Сверху донесся скрип сапог – на лестнице, что вела в наблюдательную башенку, стояли двое, капитан и лейтенант, артиллеристы, корректировщики из гаубичного полка, перебравшиеся в ДОТ для управления стрельбой. Под ними сидел радист, уже нацепив наушники, – рация у ног мигала красным огоньком, гибкая стальная антенна уходила вверх, а там, как он знал, ее чуть ли не на самом коньке ложной крыши укрепили.
Власьев встал, прошелся по ДОТу и присел у орудийной амбразуры – ее заложили мешками с землею за неимением песка и с превеликими трудами приспособили Максим. Но сейчас амбразура как нельзя лучше подходила для наблюдения. Сержант стал смотреть на проселочную дорогу от перелеска и вслушиваться в звуки разгоревшегося не на шутку боя, хорошо слышимые в ДОТе, хотя, конечно, снаружи они были бы гораздо громче.

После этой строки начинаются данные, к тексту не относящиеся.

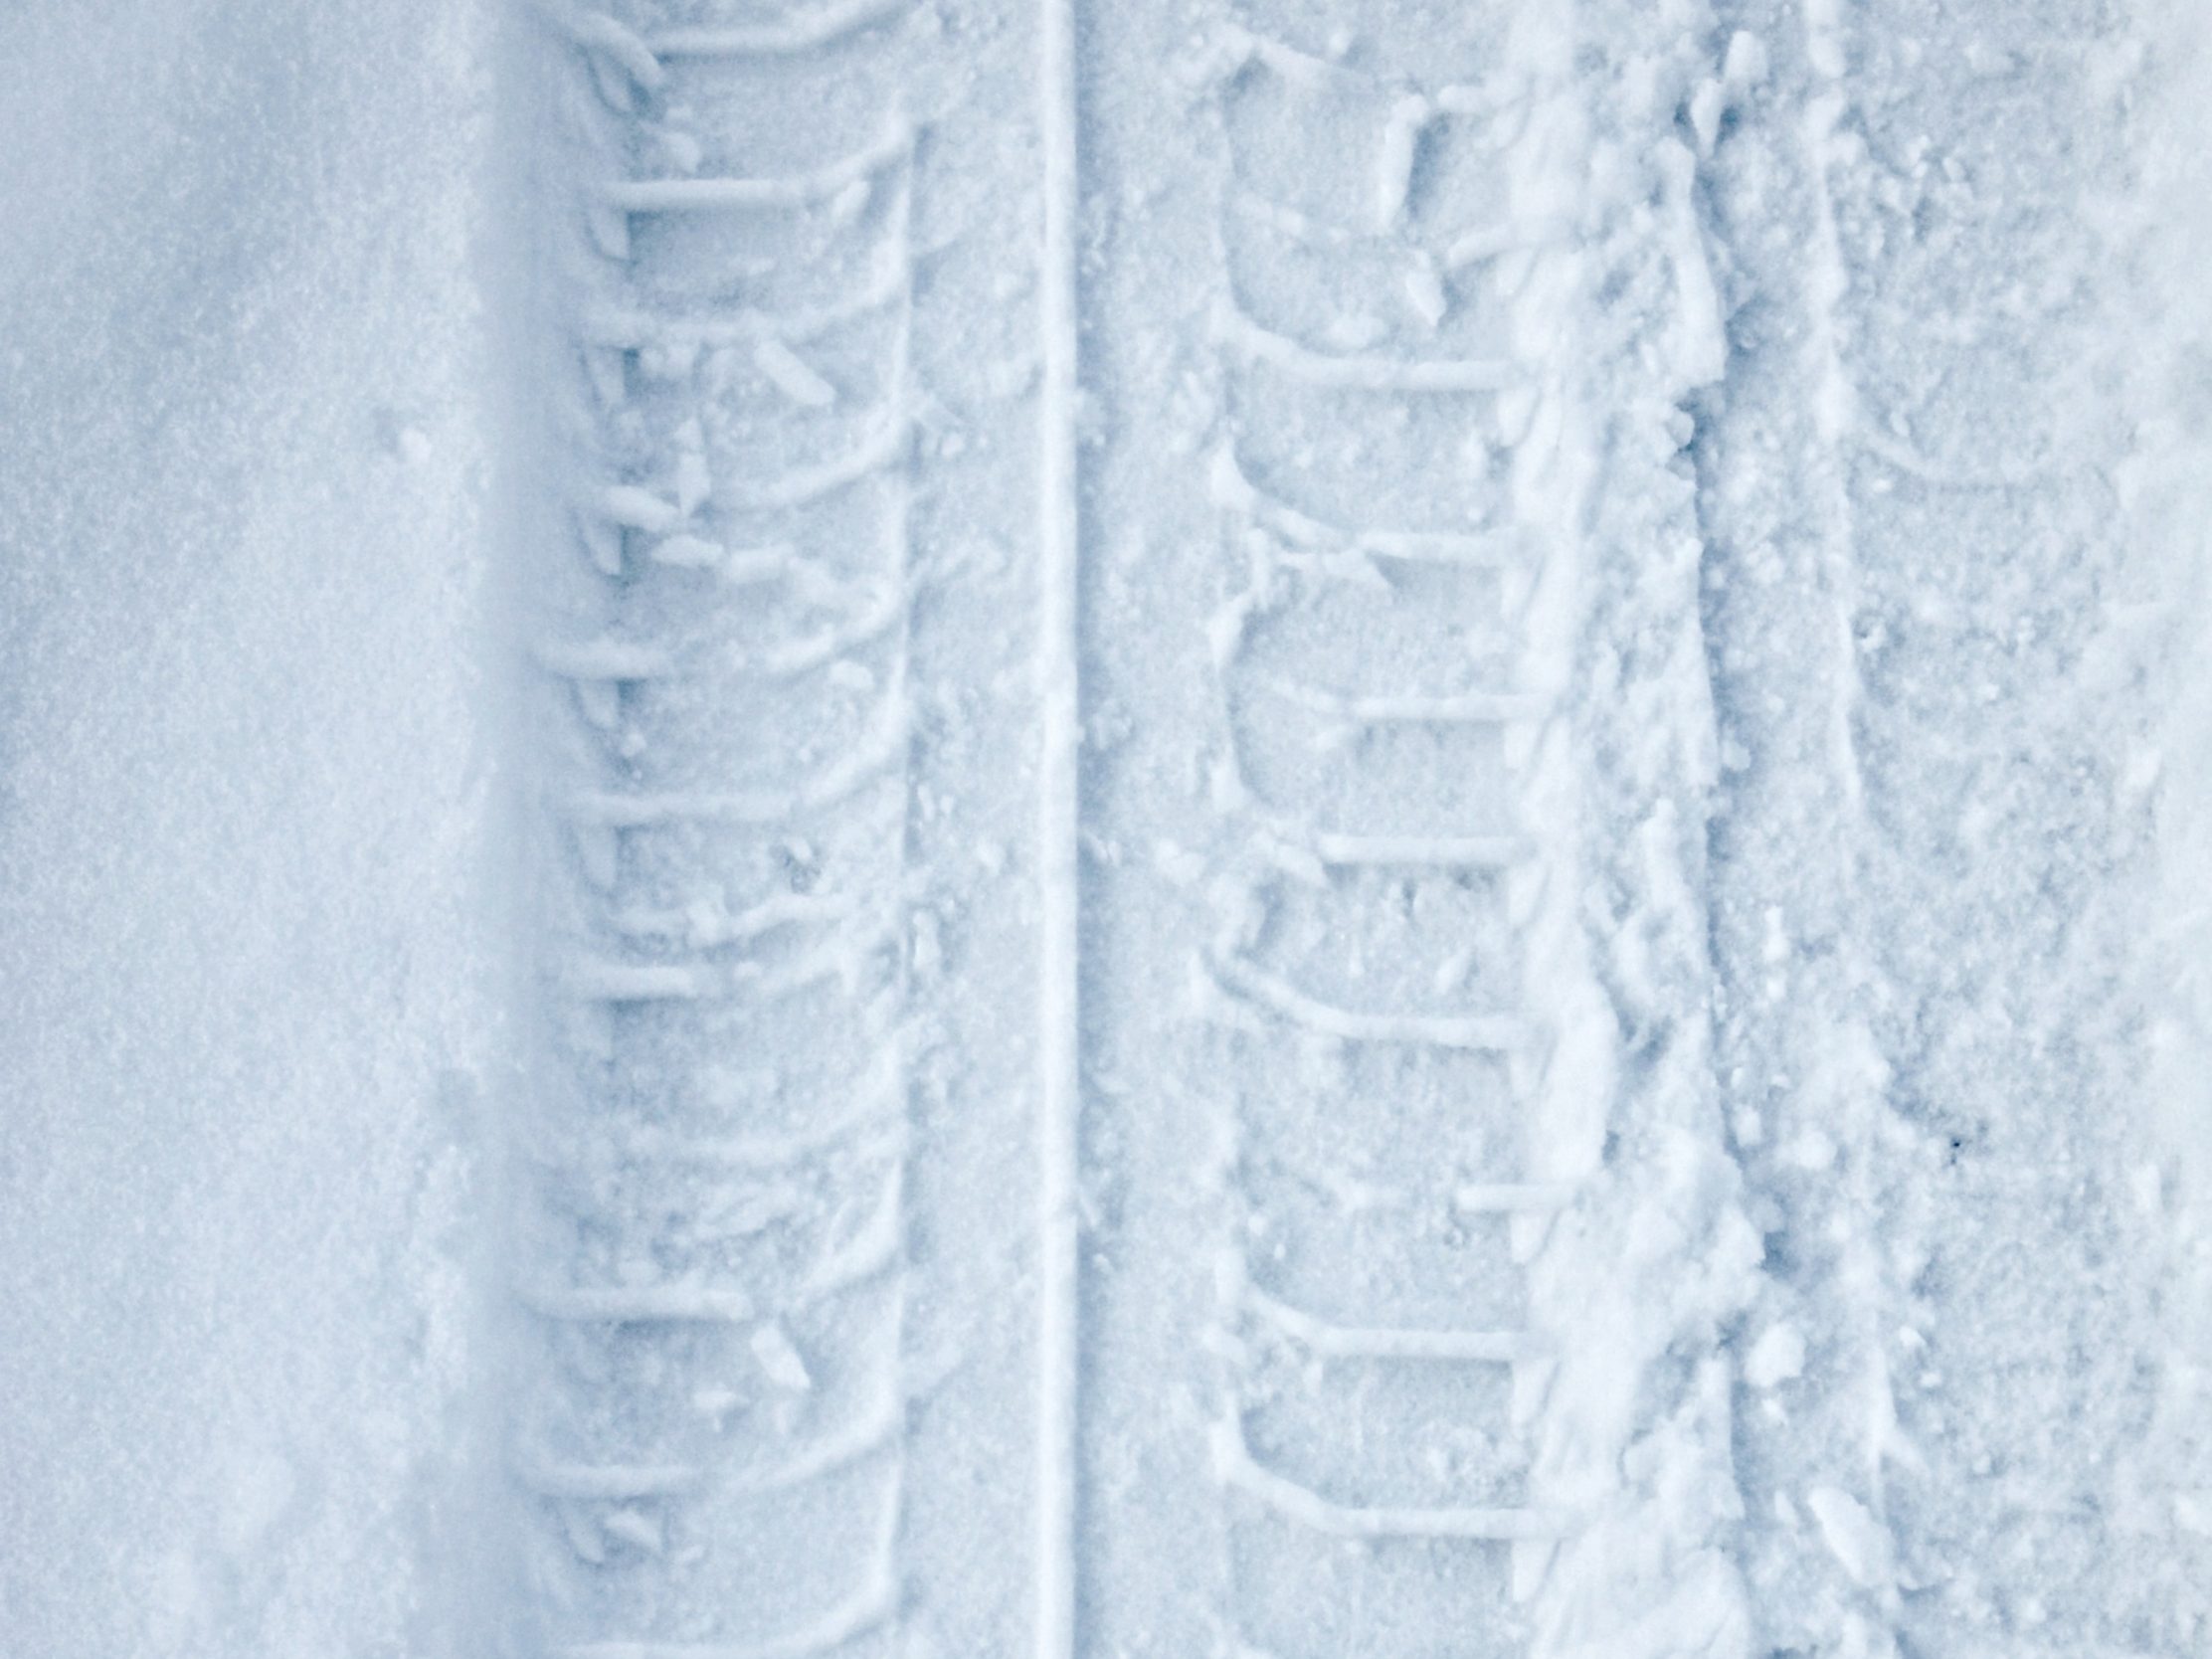 2224x1668 iPad Pro wallpapers Tyre Track Snow Winter iPad Wallpaper 2224x1668 pixels resolution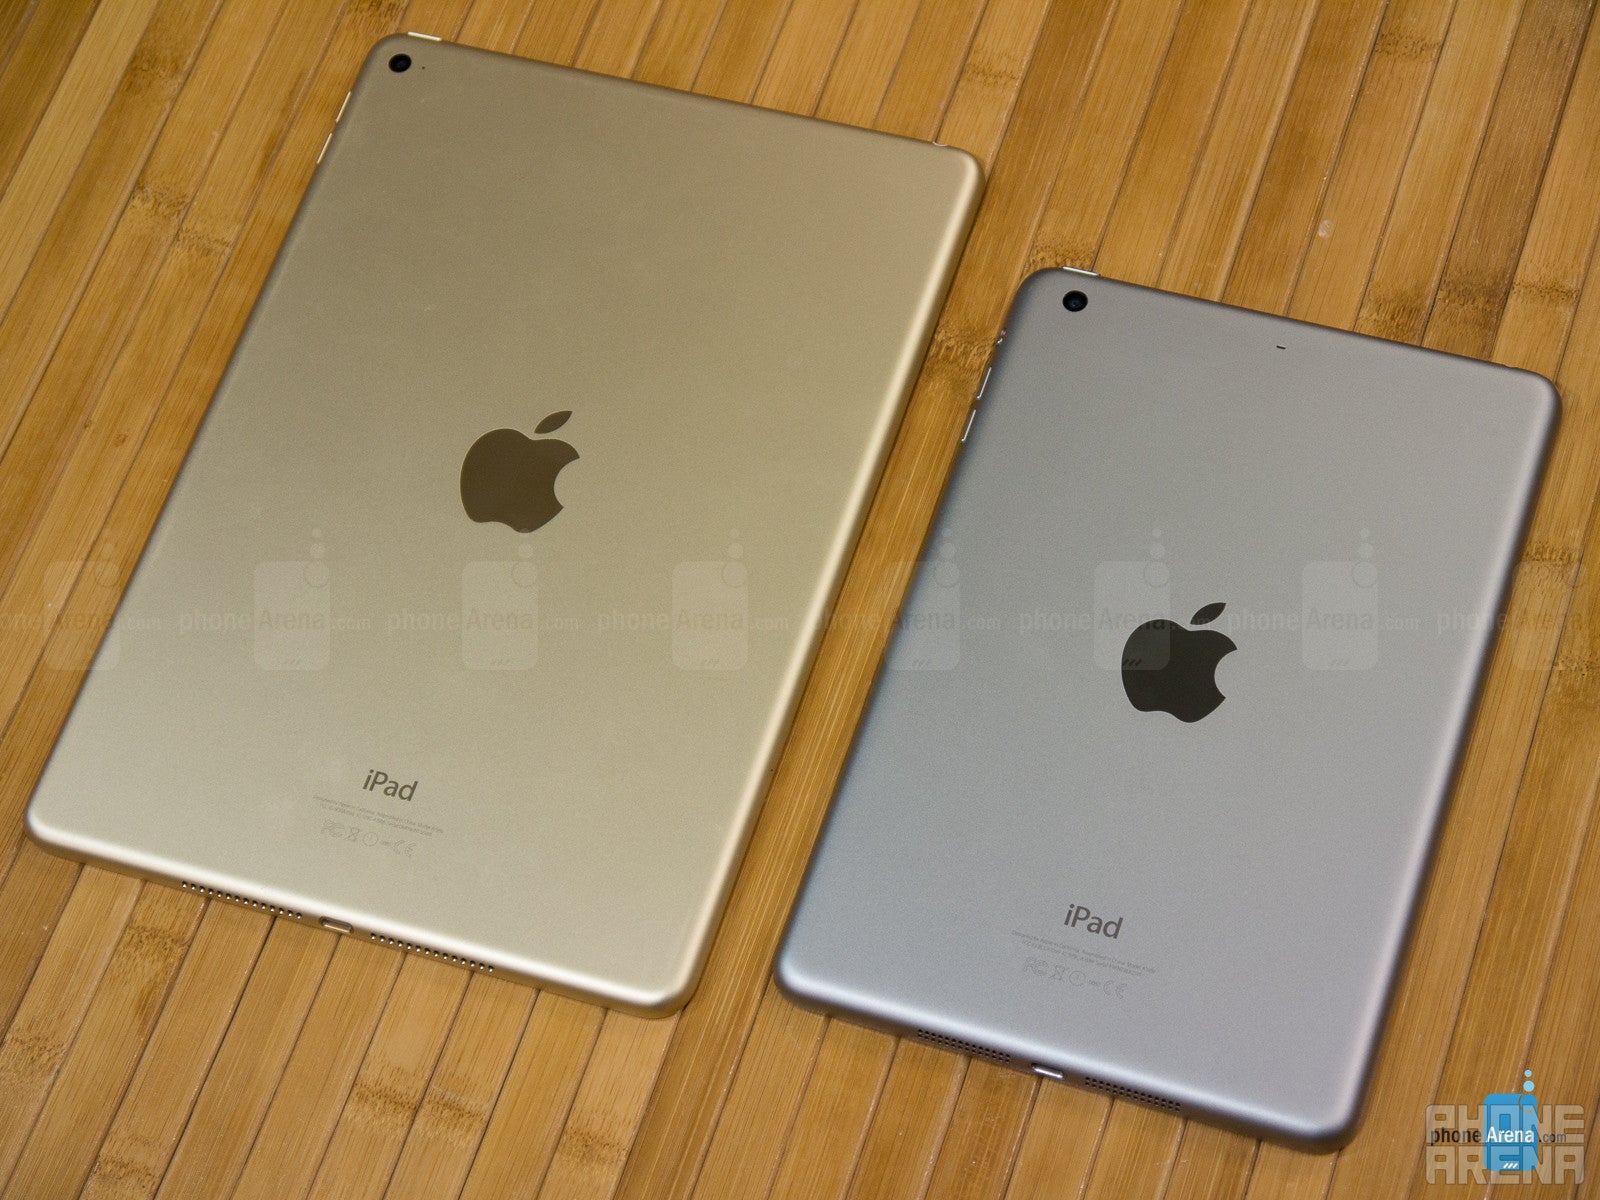 Apple iPad Air 2 vs Apple iPad mini 3

За лесом в километре поднимались в небо три столба черного густого дыма, тут можно не гадать – горела либо наша, либо немецкая техника, – так может чадить резина, облитая вспыхнувшим бензином. Он напряг глаза – зрение было превосходное, а потому увидел, как вдали порскнули к кустам, что шли реденькой полосой до позиций, крохотные человеческие фигурки, видимо, столь резво отступали наши бойцы из дозоров. Потом, поднимая в небо пыль, на дороге появились одна за другою сразу три полуторки, к задней машине прицеплена сорокапятка. За ними прытко выскочил БА-20, пулеметная башенка у него отсутствовала напрочь.
«Снесло снарядом, что ли? Но почему он тогда на ходу? Водителя не зацепило и мотор, значит, не повредило! Повезло, а вот про башнера такого не скажешь. Но молодцы, до последнего прикрывали», – мысли проносились быстро, автомобили и броневик стремглав промчались по пыльной дороге, пушка смешно подпрыгивала на ухабах.
Вдали появился броневик, наш БА-10, с развернутой на корму башней. Проехал метров двести, стал уже хорошо виден, но неожиданно остановился, вильнул к обочине, чуток накренился. Из раскрытой двери слева выскочил радист, там его место, у рации и у курсового пулемета в лобовом листе. Оббежав мотор, появился водитель – оба танкиста рванули к сараям, что стояли наверху гребня, с самого начала там и были, не липовые, как его замаскированный ДОТ.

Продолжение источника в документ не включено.